[Collected data — start]
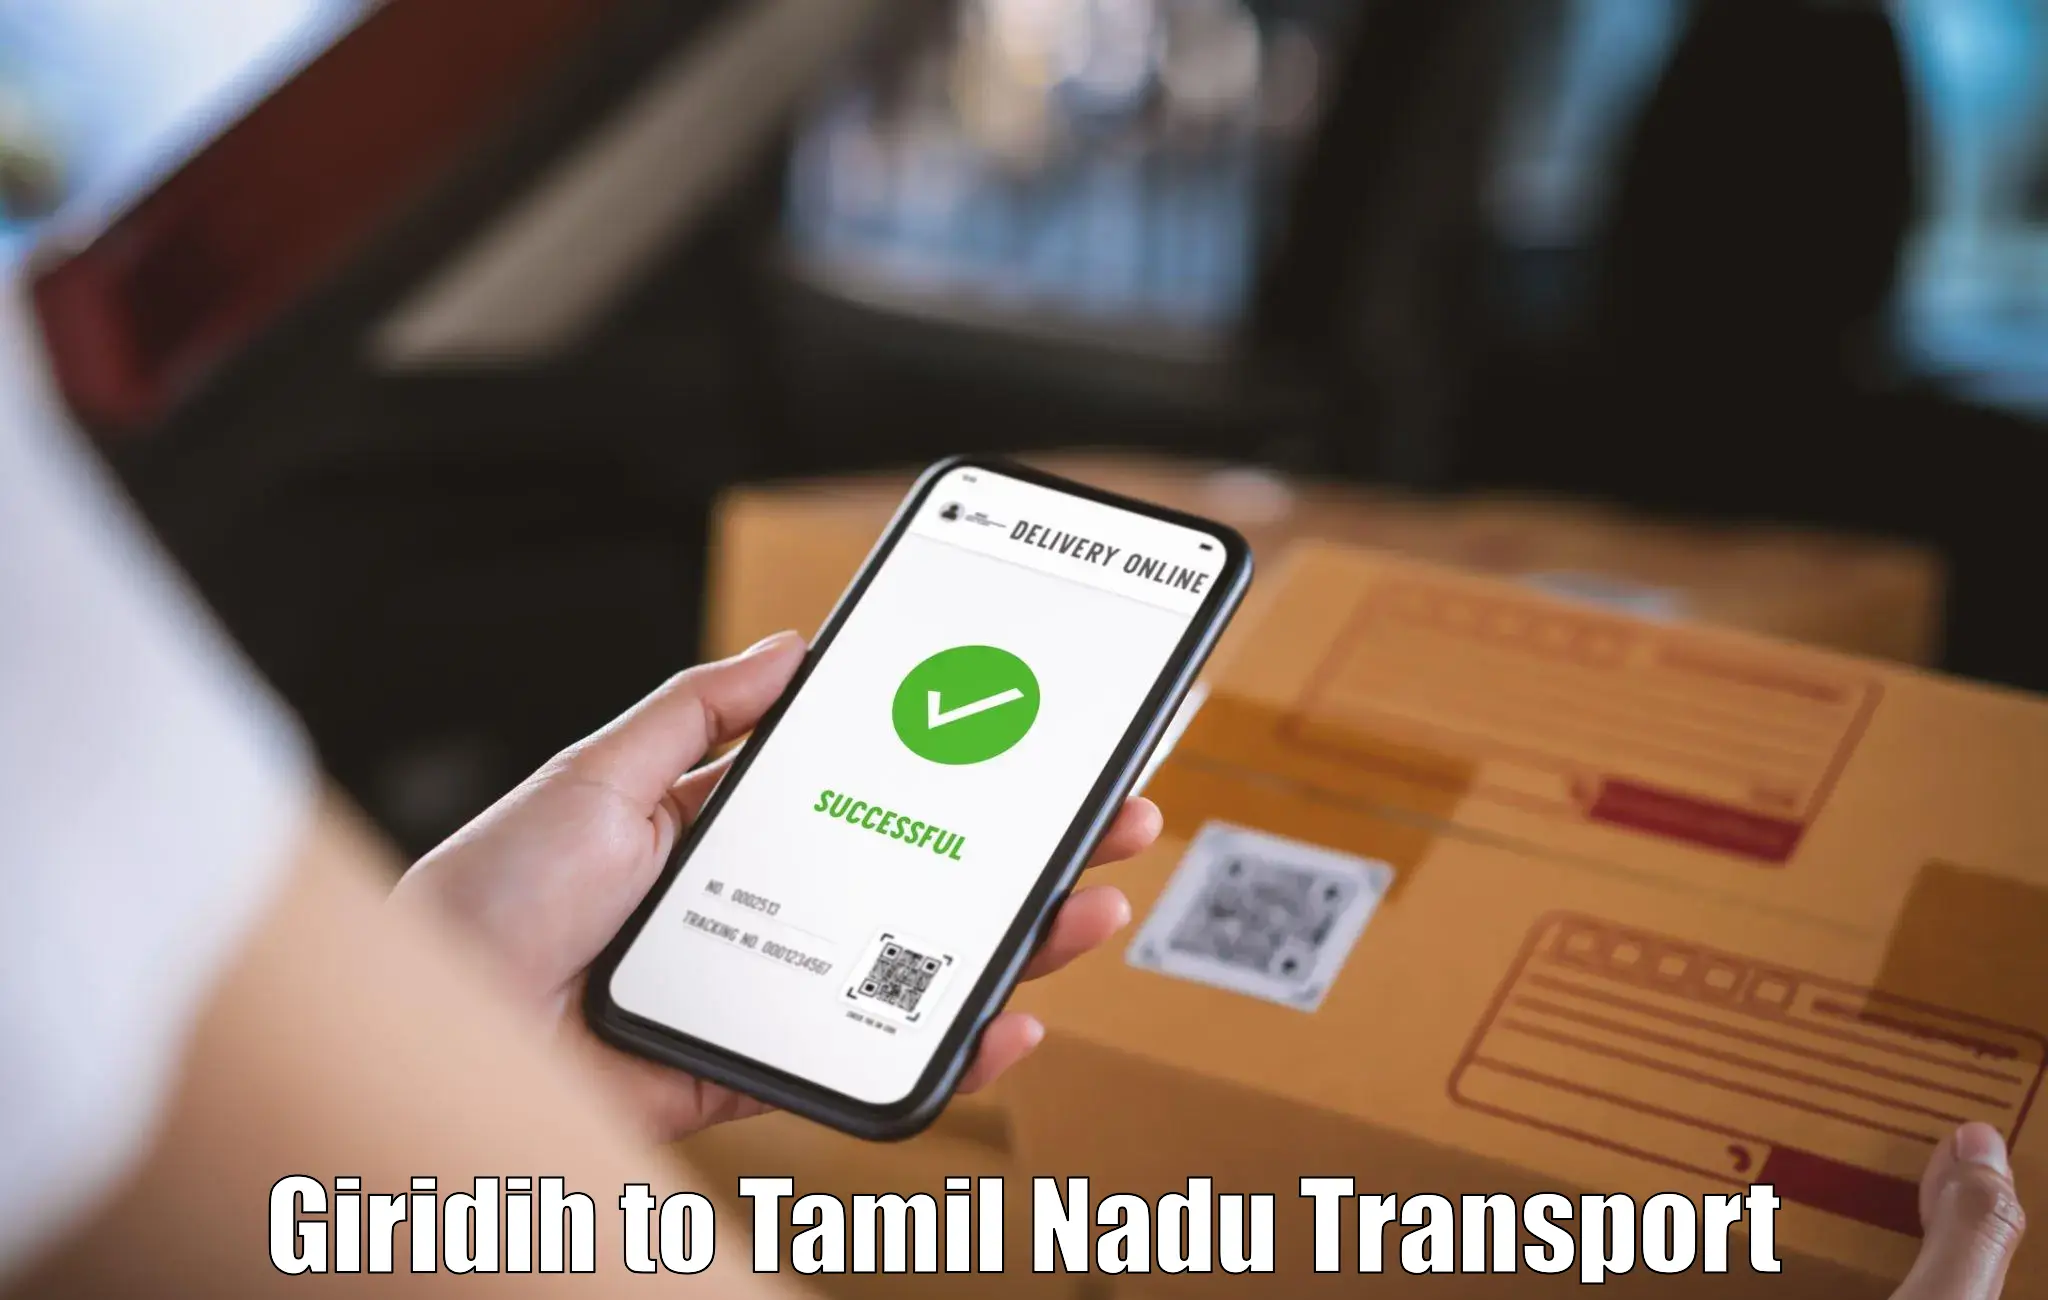 Express transport services Giridih to Tallakulam
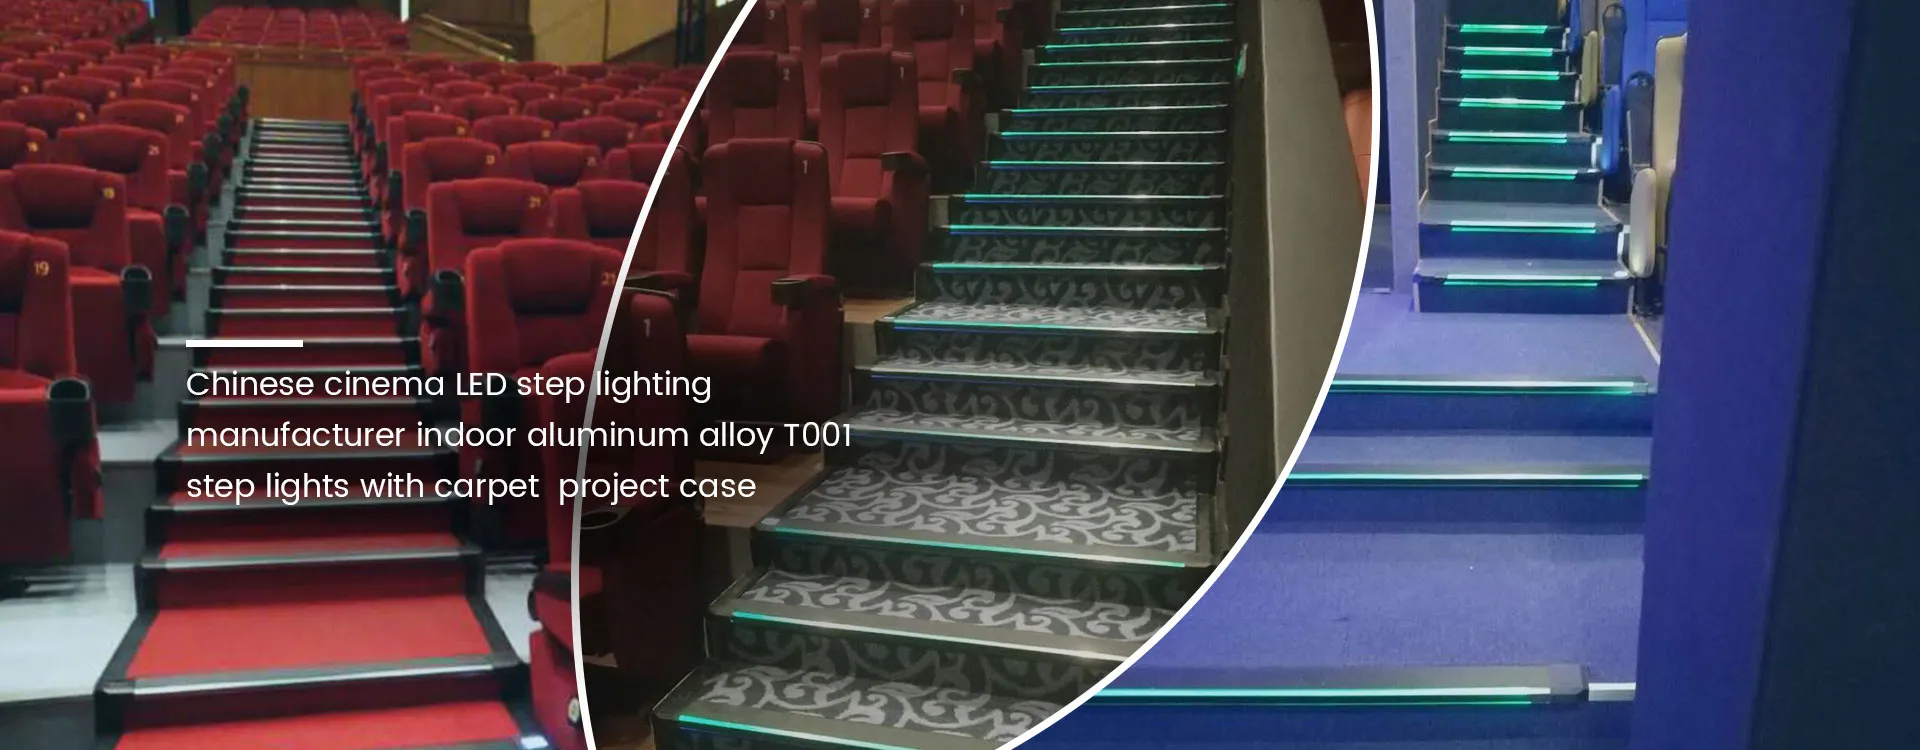 Cinema LED Step Lighting Manufacturer
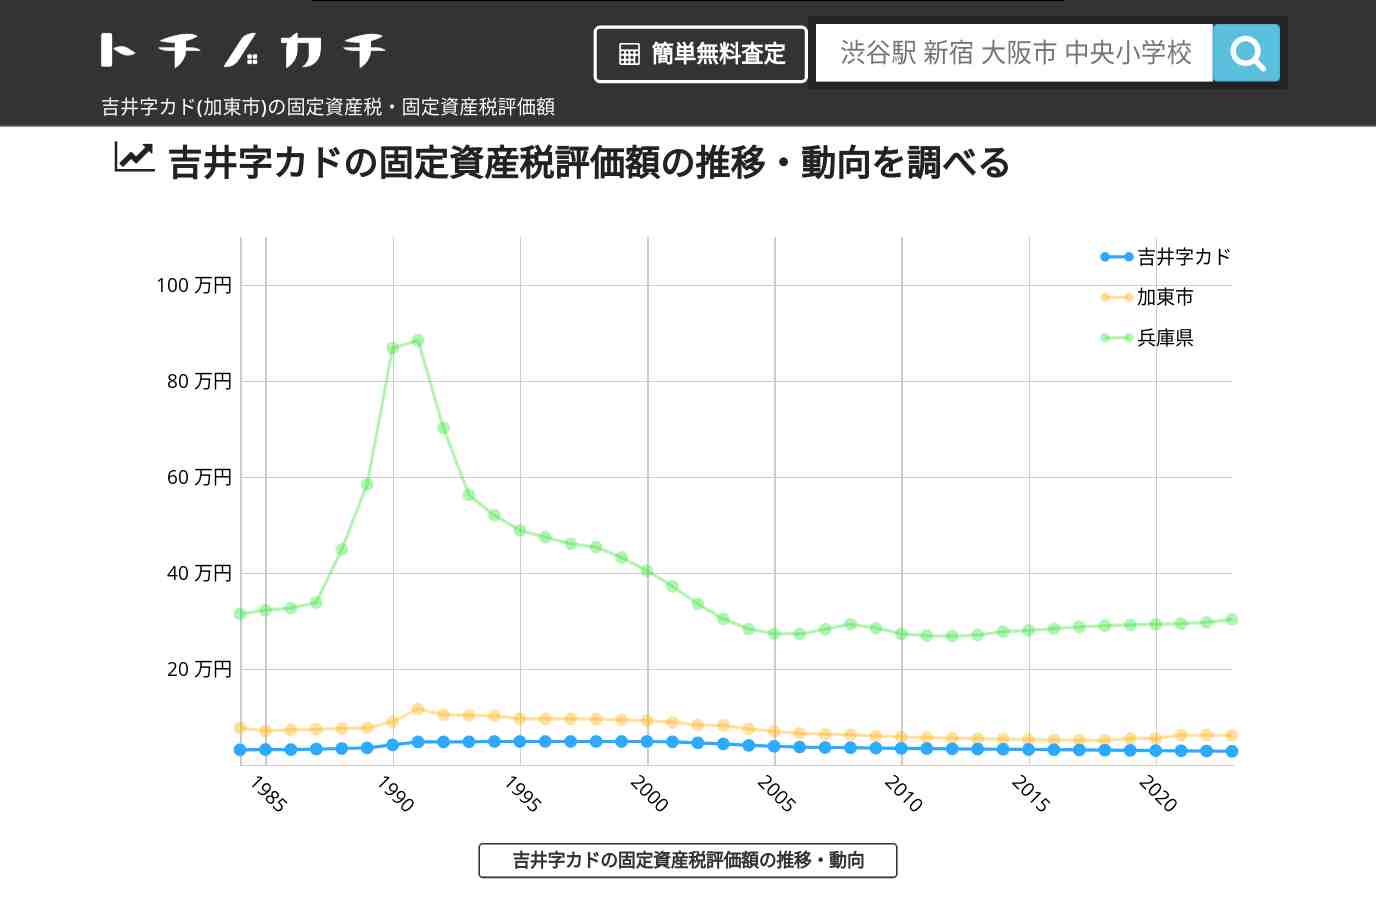 吉井字カド(加東市)の固定資産税・固定資産税評価額 | トチノカチ
[Collected data — finish]
About this exercise →
Apart from the pictures, every line above must be repeated exactly.

Response below →
 Express transport services Giridih to Tallakulam
 Cinema LED Step Lighting Manufacturer
 吉井字カド(加東市)の固定資産税・固定資産税評価額 | トチノカチ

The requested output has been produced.